We have experienced some issues with the KNIME scheduler recently. When we schedule a KNIME job, we select the option to “Skip the execution if previous job is still running”.
In doing so it does skip the execution if previous job is still running but it DOES NOT enable the schedule again(or disables it completely) and keeps skipping the schedule. Is it the expected behavior from the scheduler? A sample excerpt from the log is below.
21-Jun-2018 14:14:00.527 INFO [KNIME-Job-Scheduler_1] com.knime.enterprise.server.jobs.ScheduledJobManagerImpl.loadAndExecute Scheduled job for ‘Workflow ‘/WorkflowCategory/WorkflowJobName’; resetting; discarding after execution; target name = Workflowname; next execution at 2018-06-21T14:15-07:00[America/Los_Angeles], repeating every minute; User: Username; ID: d20fb4e3-03a1-4b21-9b81-ce5cdc43c5d5’ is still running, skipping current execution.
This kind of log is created every time the workflow is trying to execute even if the previous execution is completed.
In our used case we have certain workflows scheduled to be executed every 5 mins. If any of the execution takes more than 5 mins the other execution does not start(as expected) but even if the workflow has been fully executed the following execution schedules are not triggered(not expected) and it gives a log as mentioned above.
Any help in understanding this behavior is appreciated.
I just tested the scheduler on my KNIME Server and it works as expected for me. Here’s what I did:
- Create a workflow with only a Wait node, that waits for 90 seconds.
- Upload to server and set to run on a schedule every 60 seconds, with the ‘Skip execution if previous job still running’.
I’d expect to see workflows execute every second minute (since the workflow takes 90 seconds to run, which it does.
I’ve attached the workflow, can you test it on your server and take a screenshot of the workflow repository after 5 minutes?
Can you also share the KNIME Server version that you’re using?
waitandschedule.knwf (4.5 KB)
Just a short update here. In the split post you noted that you are using KNIME Server 4.6.2.
While trying to reproduce the issue, I discovered a bug that causes the schedule to fail in the case where a job is manually cancelled while running. We’ve already made a fix and will release that as part of a patch release (4.6.4) in the near future. In any case, it would still be great to see the log files (send via DM) so that I can check into the cause of the issue for you.
Hi @jonfuller . We are working with @jeffgullick-knime to get the issue resolved.
Just following up here. The fix is available in the 4.6.4 patch release.

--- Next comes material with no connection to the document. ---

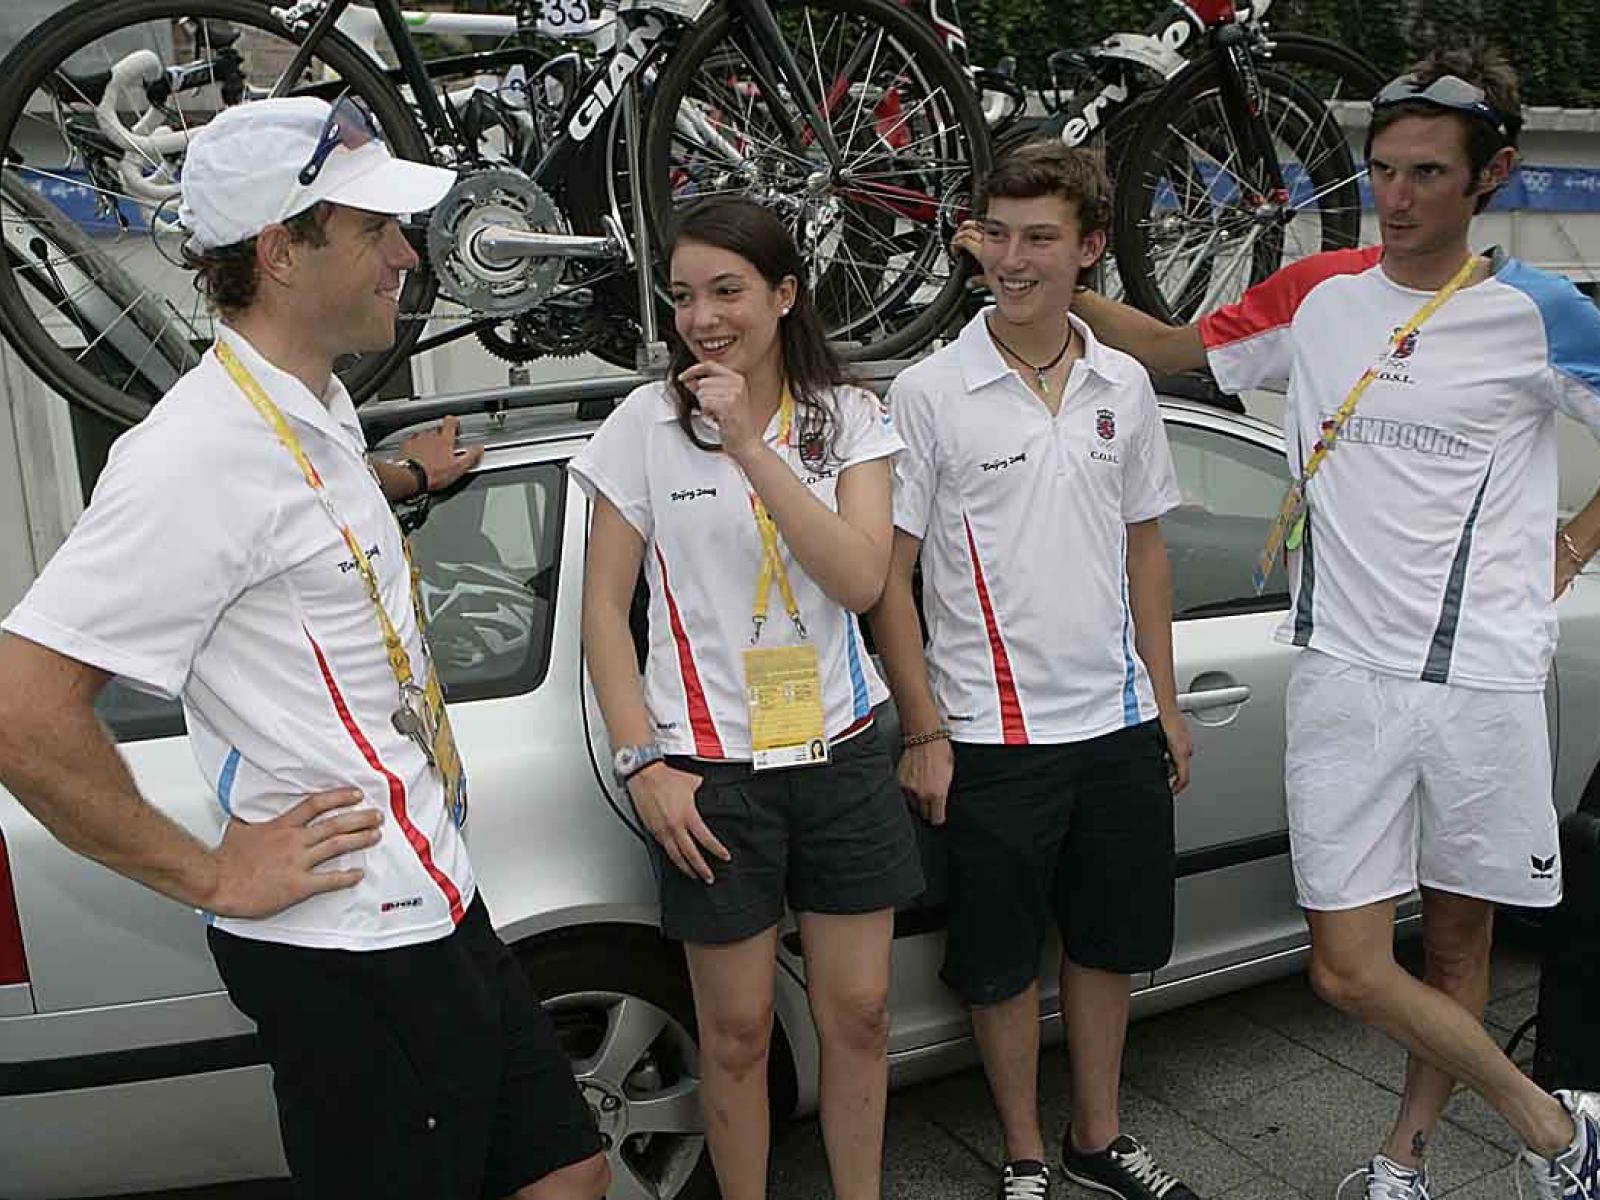 Princess Alexandra and Prince Sébastien at the Olympic Games in Beijing in 2008

I believe that Jeff already helped you to get this patched, and verified that it solved the issue.
Hi, I want to re-open this topic as we are facing similar issues. We are using KNIME Server 4.12. When a workflow is scheduled with the option “skip if previous job is still running” and one job fails no further jobs will be started by the scheduler. Any ideas? Maybe @jeffgullick-knime?
Thanks in advance.
sorry to hear you’re also encountering issues.
Maybe the Job that fails still exists on the server (Monitoring → Jobs). If that is the case, what state is it in?
Could you export the KNIME Server logs (in the WebPortal → Monitoring → Logs) for a timeframe where this issue occurred and send them to email@example.com (with a reference to this forum thread)? Ideally, also let us know what the name of the Workflow was, or maybe even the Schedule or Job ID, if you happen to know that.
We would be happy to investigate what is causing this problem.
Follow-up after Marvin had a look into the logs:
"I can see a Schedule for [workflow XY] having problems. The Schedule still exists, but the Server thinks that the Job from the 17th is still running and hence does not start a new Job (as set by the user when the Schedule was created).
I think this is most likely a bug we have in versions prior to 4.12.4: in some (not quite clear) cases when a Job fails before its proper execution begins, the server does not properly register the Job as failed, which keeps further Jobs from starting."